▸ **Work to be completed**
Nothing except the pictures should be left out when you reproduce the listing exactly.

▸ **Provided material**
◆ ◆ ◆ ◆ ◆
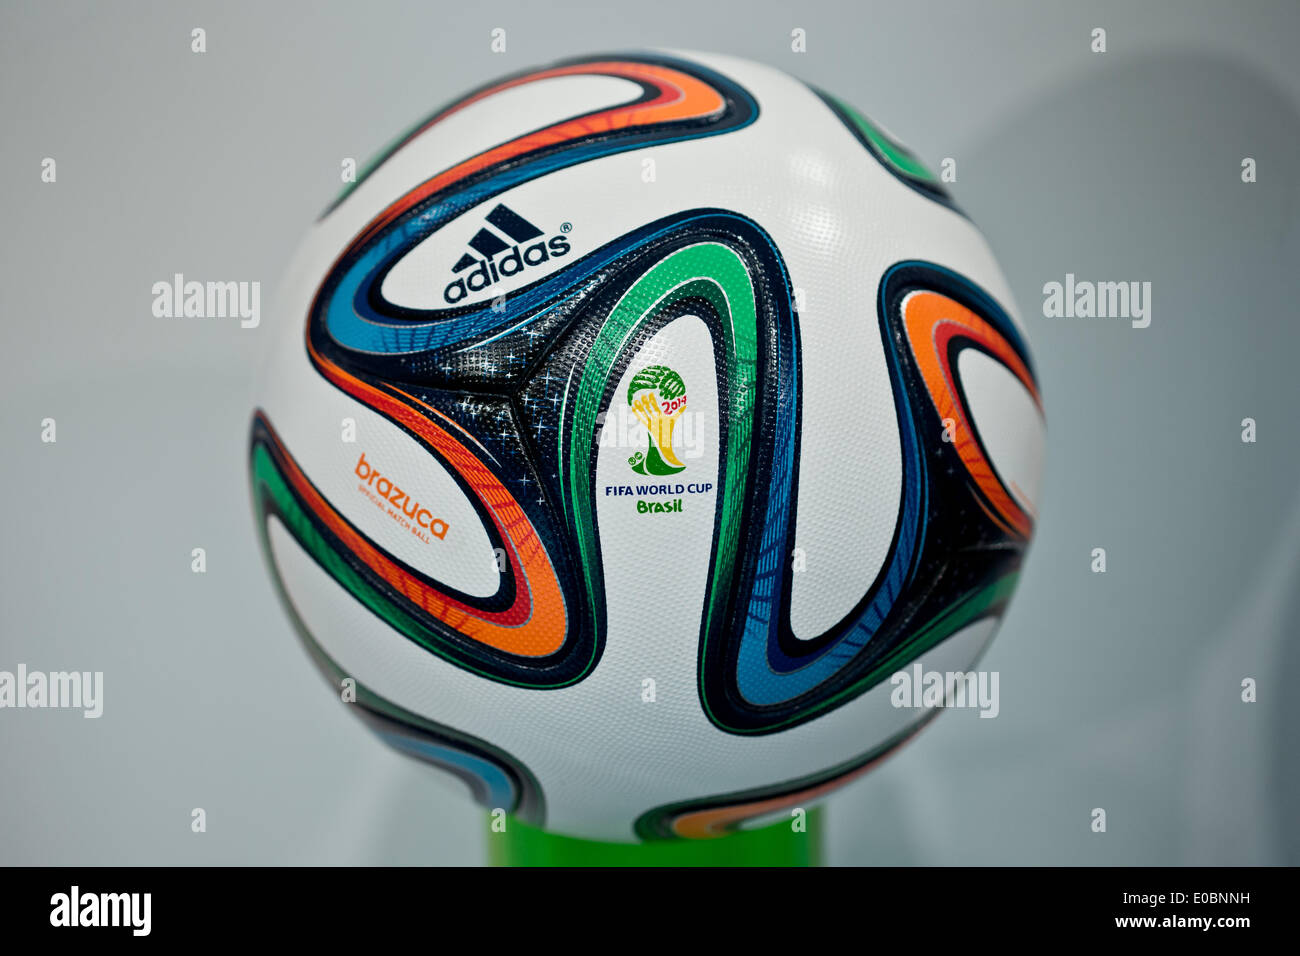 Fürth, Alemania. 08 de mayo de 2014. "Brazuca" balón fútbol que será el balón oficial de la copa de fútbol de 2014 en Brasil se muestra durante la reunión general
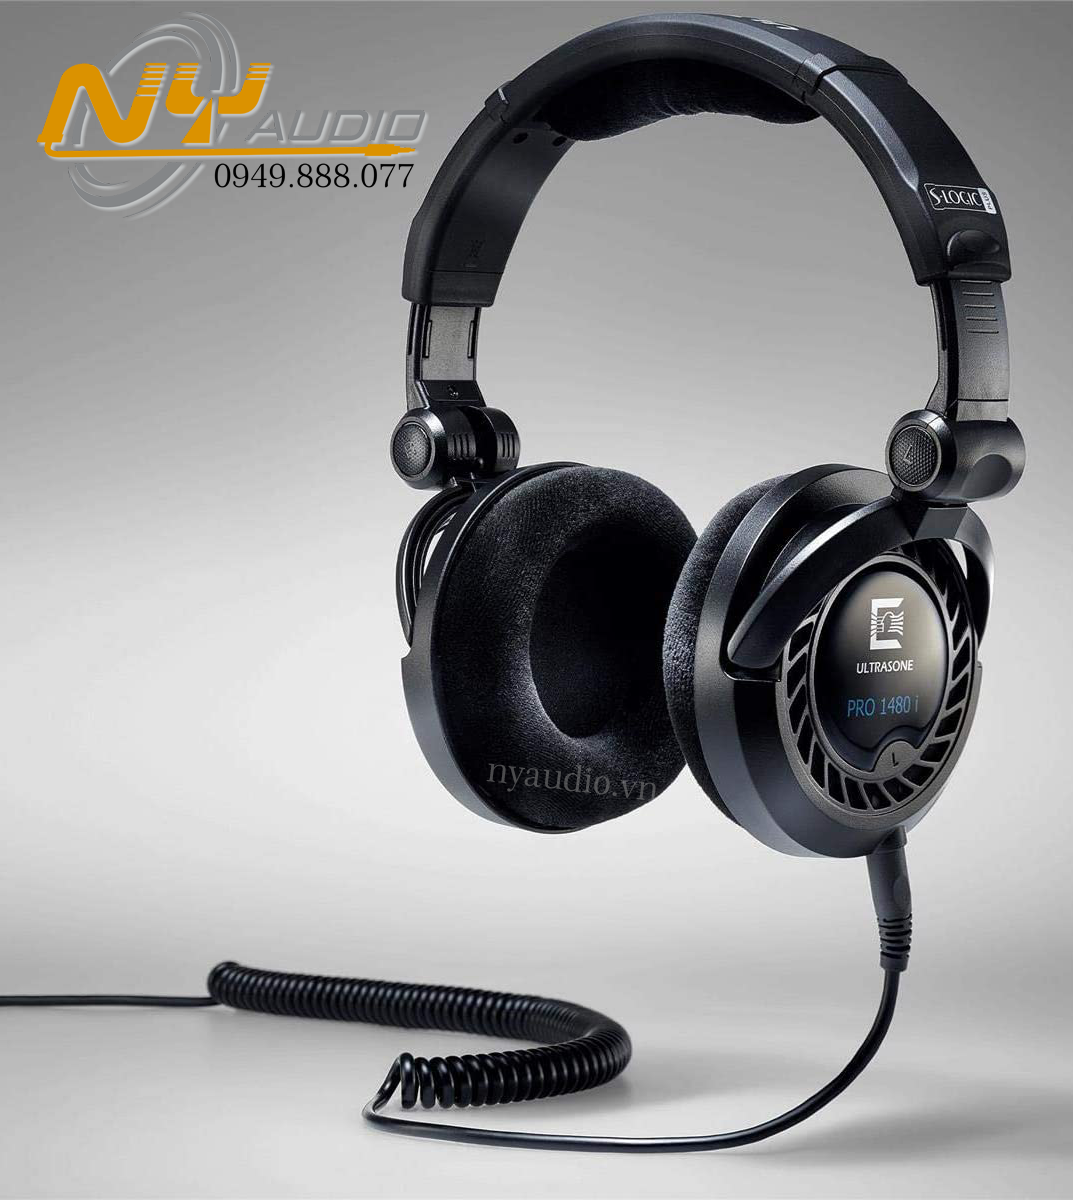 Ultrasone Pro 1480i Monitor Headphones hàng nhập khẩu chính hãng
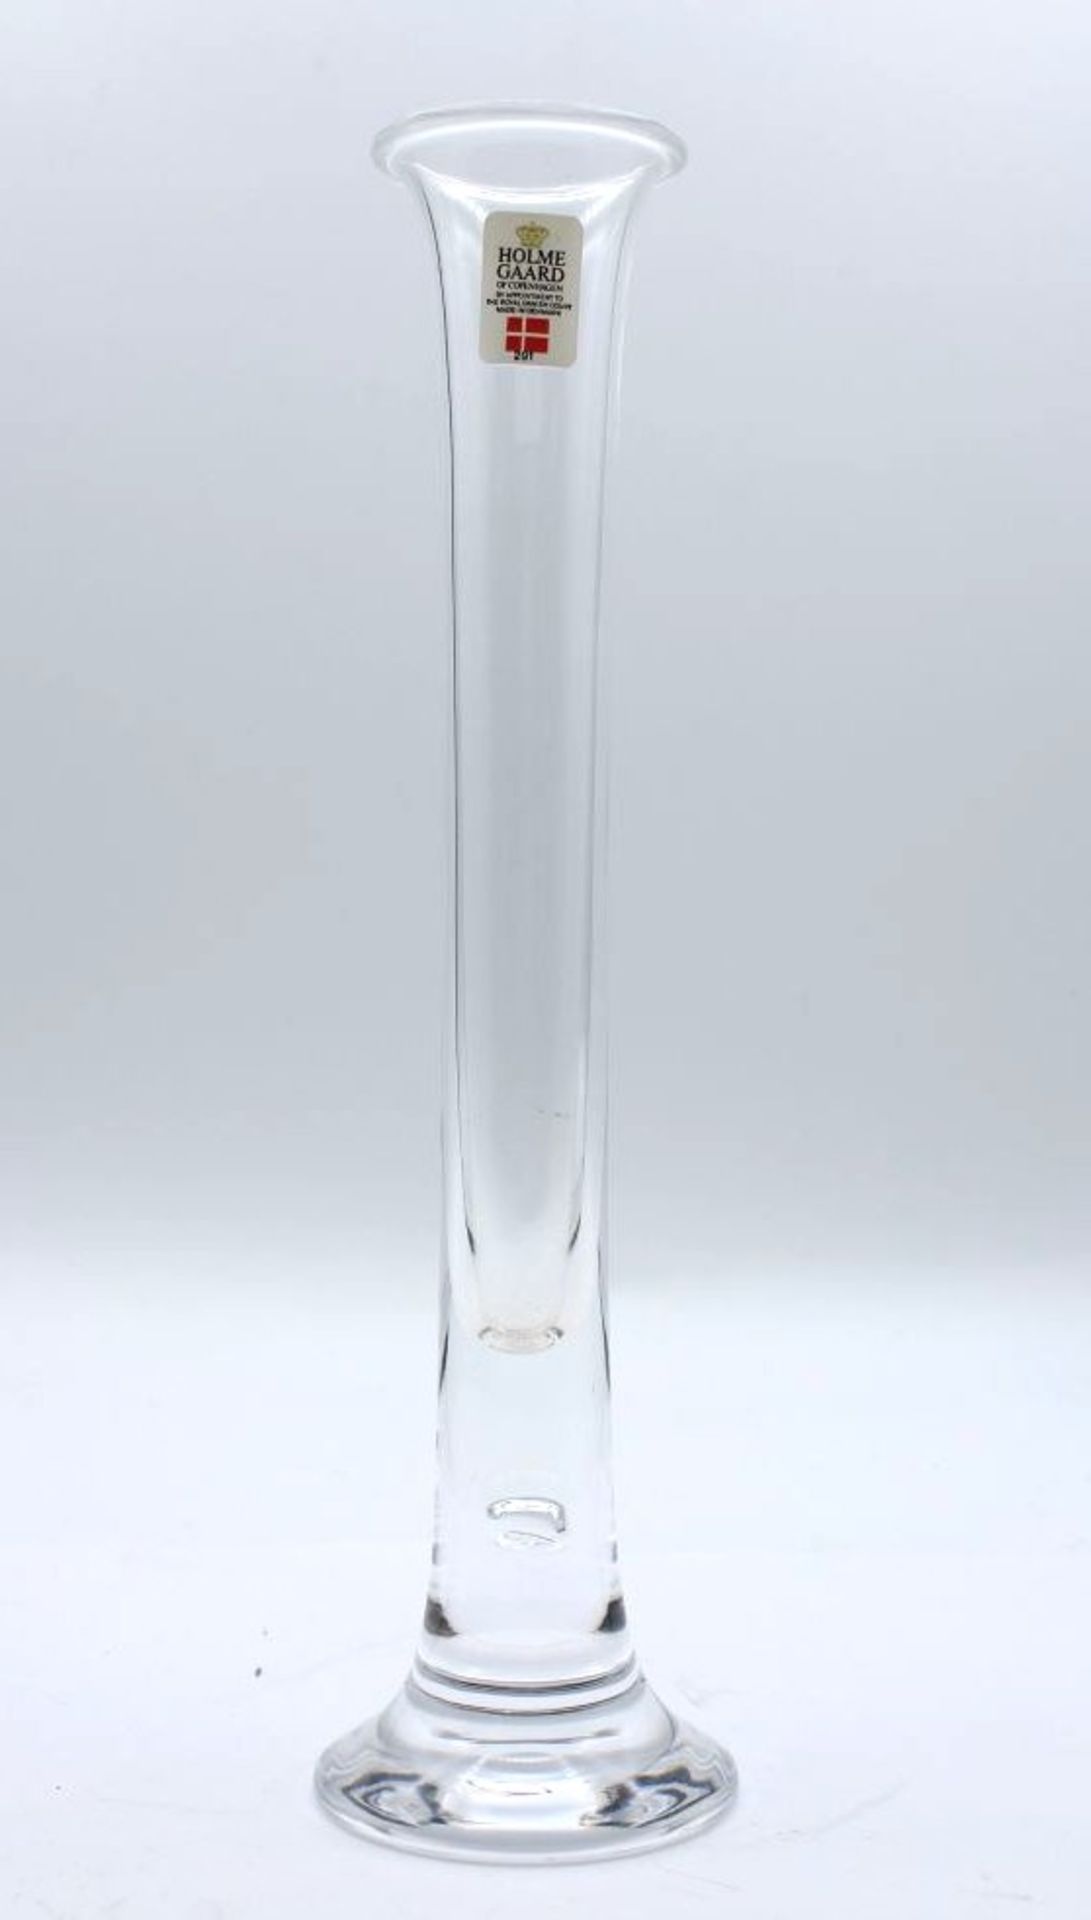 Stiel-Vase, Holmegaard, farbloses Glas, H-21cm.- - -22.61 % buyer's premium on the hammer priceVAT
◆ ◆ ◆ ◆ ◆
▸ **Result for this task**
 Fürth, Alemania. 08 de mayo de 2014. "Brazuca" balón fútbol que será el balón oficial de la copa de fútbol de 2014 en Brasil se muestra durante la reunión general
 Ultrasone Pro 1480i Monitor Headphones hàng nhập khẩu chính hãng
 Stiel-Vase, Holmegaard, farbloses Glas, H-21cm.- - -22.61 % buyer's premium on the hammer priceVAT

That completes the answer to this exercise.